Cosa sapere in breve
- Recupera il calore dei fumi di scarico e consuma meno gas di una tradizionale;
- il risparmio va dal 10-15% (termosifoni) al 20-25% (pavimento radiante);
- dal 2015 è di fatto l'unica caldaia installabile, per la direttiva europea ErP;
- si sceglie in base a potenza, classe energetica, acqua calda e posizione;
- una caldaia murale da 24 kW parte indicativamente da circa 1.000 €.
Come funziona e perché consuma meno
Il maggior rendimento nasce dal recupero del calore dei fumi di combustione. In una caldaia tradizionale i fumi vengono espulsi subito a 140-160 °C, disperdendo energia; in una a condensazione, invece, i fumi cedono prima il loro calore all'acqua di ritorno dell'impianto e vengono espulsi a circa 40 °C. Quel calore recuperato riscalda l'acqua, riducendo il consumo di gas.
Il risparmio è tanto maggiore quanto più bassa è la temperatura dell'acqua dell'impianto: con il riscaldamento a pavimento (bassa temperatura) si arriva al 20-25%, con i termosifoni tradizionali (alta temperatura) al 10-15%. Unica accortezza: la caldaia produce una condensa acida da smaltire, che per gli impianti domestici (fino a 35 kW) può essere scaricata nella rete fognaria.
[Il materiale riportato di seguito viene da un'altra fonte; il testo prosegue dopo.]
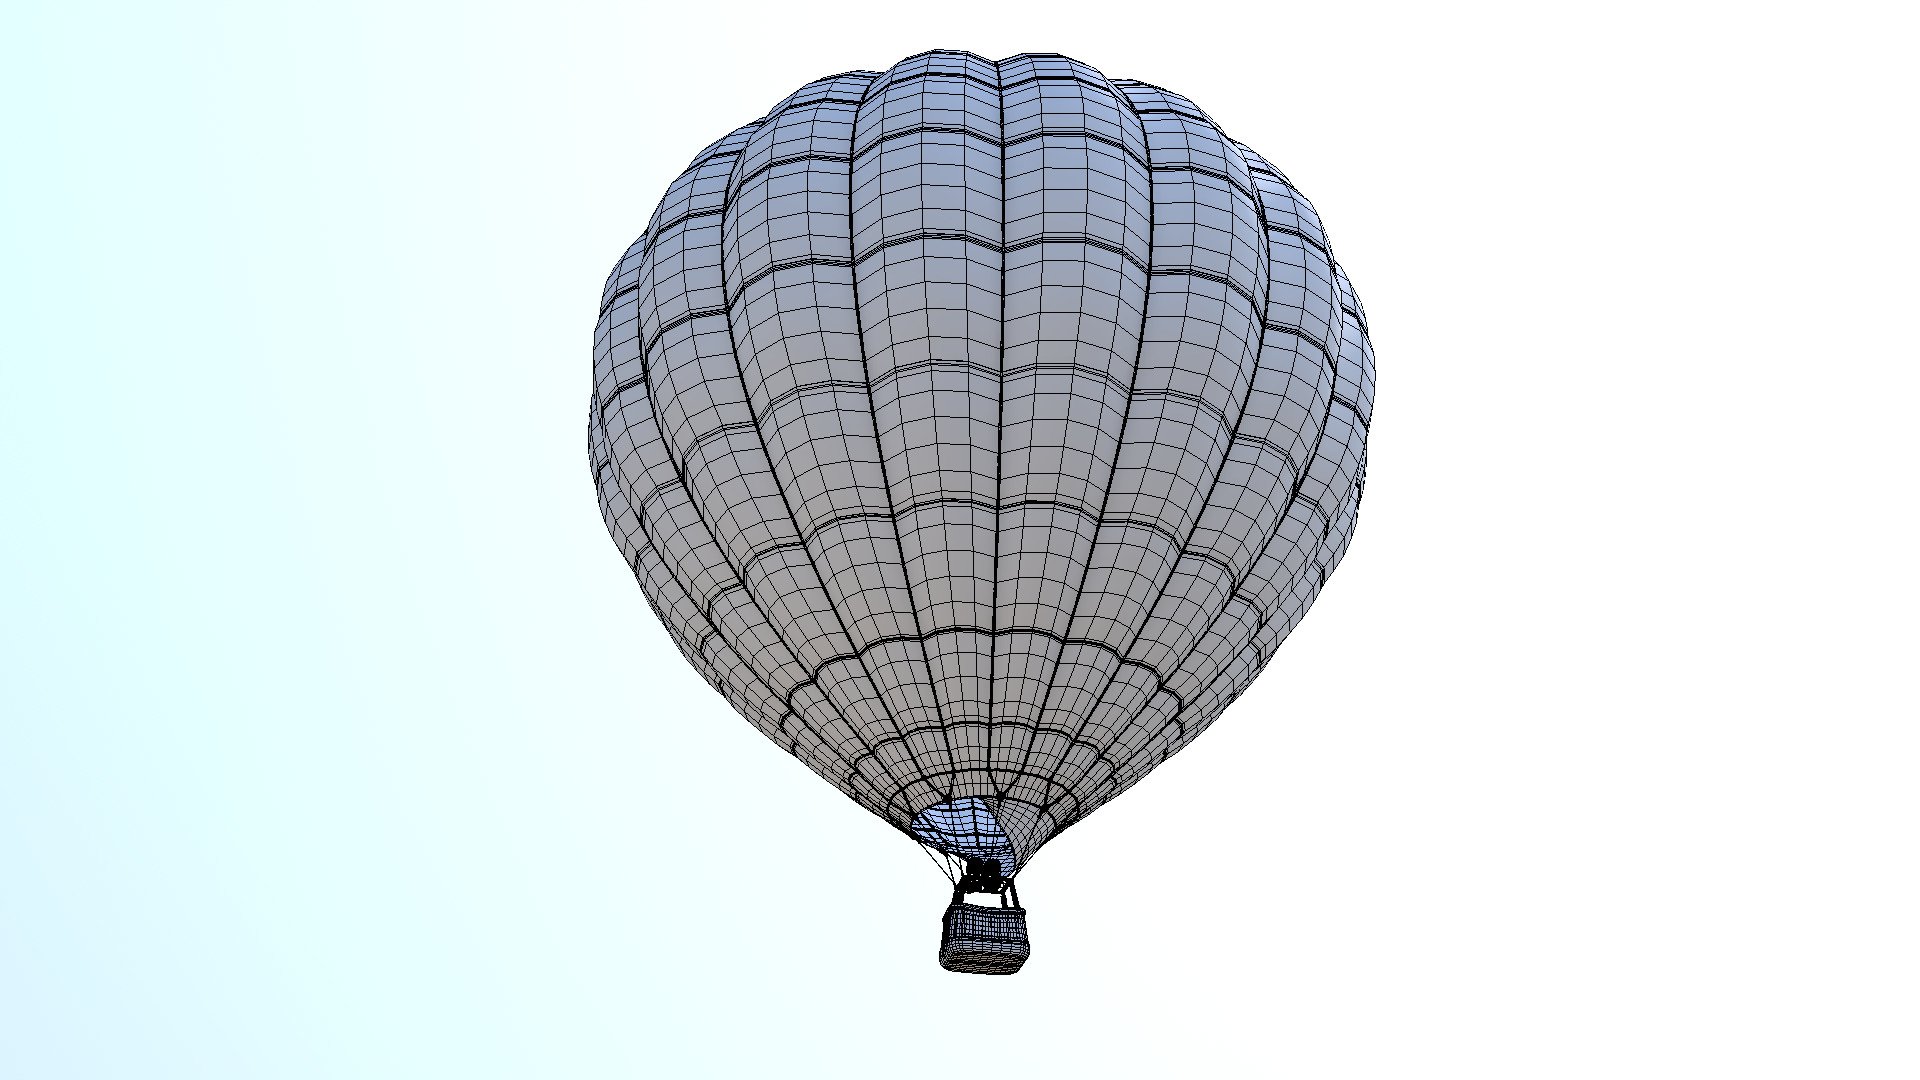 Model Preview with no textures, hot air balloon modelled for a personal vfx project, wireframes view - Hot Air Balloon Preview - 3D model by Francesco Formica (@Francesco_ff91) 3d model

Proprio per la loro efficienza, dal 26 settembre 2015 la direttiva europea ErP (Ecodesign) ha di fatto vietato la vendita delle vecchie caldaie tradizionali: oggi quasi tutte le caldaie in commercio sono a condensazione.
Come scegliere la caldaia giusta
Al di là della marca, la scelta si gioca su pochi criteri concreti: la posizione, la produzione di acqua calda, le funzioni e la classe energetica. Vediamoli.
Installazione interna o esterna
La caldaia esterna non occupa spazio in casa, ma è esposta alle intemperie: richiede protezioni contro gelo e sbalzi, che ne aumentano il costo. La interna occupa spazio ma è più protetta, dura di più e semplifica lo scarico della condensa. A parità di condizioni, la soluzione interna è spesso preferibile.
Produzione di acqua calda
Se usi la caldaia anche per l'acqua calda sanitaria, valuta la tecnologia "acqua comfort", che tiene una piccola riserva preriscaldata per averla subito calda al rubinetto (consuma un filo di più). Per famiglie numerose o utilizzi contemporanei, meglio una caldaia con bollitore, che accumula più acqua calda ma è più ingombrante.
Funzioni utili
Alcune funzioni migliorano comfort e durata: il sistema antigelo (utile per le caldaie esterne o le case in zone fredde), l'antiblocco che aziona la pompa quando la caldaia resta inattiva a lungo, e la programmabilità (anche via app), che regola accensione e temperatura evitando sprechi.
La classe energetica
È il parametro chiave per i consumi: a parità di calore prodotto, una classe energetica più alta significa meno gas bruciato. Una caldaia a gas a condensazione da sola arriva in classe A (la A+ è del sistema, abbinando la termoregolazione evoluta). Attenzione agli incentivi, però: dal 2025 la sola caldaia a gas è esclusa dall'Ecobonus, come spieghiamo nella guida a costi e incentivi.
Quanto costa una caldaia a condensazione
Il prezzo dipende da marca, potenza e funzioni. Indicativamente, una caldaia murale a camera stagna da 24 kW parte da circa 1.000 € per il solo apparecchio, a cui va aggiunta l'installazione. I modelli con bollitore, di maggiore potenza o con funzioni smart costano di più.
Su questa spesa incidono però le agevolazioni fiscali e la scelta dell'installatore: confrontare più preventivi, a parità di modello, può fare una differenza sensibile. Per orientarti tra i modelli, vedi le migliori caldaie ad alta efficienza.
Domande frequenti
Rispetto a una tradizionale, dal 10-15% con i termosifoni fino al 20-25% con il riscaldamento a pavimento. Il risparmio cresce quanto più è bassa la temperatura dell'acqua dell'impianto.
No: dal 2015 la direttiva europea ErP ha di fatto vietato la vendita delle caldaie tradizionali a gas. In commercio si trovano quasi esclusivamente modelli a condensazione.
La interna dura di più, è protetta e semplifica lo scarico della condensa; la esterna non occupa spazio ma richiede protezioni contro il gelo. A parità di condizioni, la interna è spesso la scelta migliore.
Va dimensionata sull'abitazione: una potenza troppo alta spreca energia, una troppo bassa non riscalda bene. Per un appartamento medio si parte spesso da 24 kW; meglio farla valutare a un tecnico.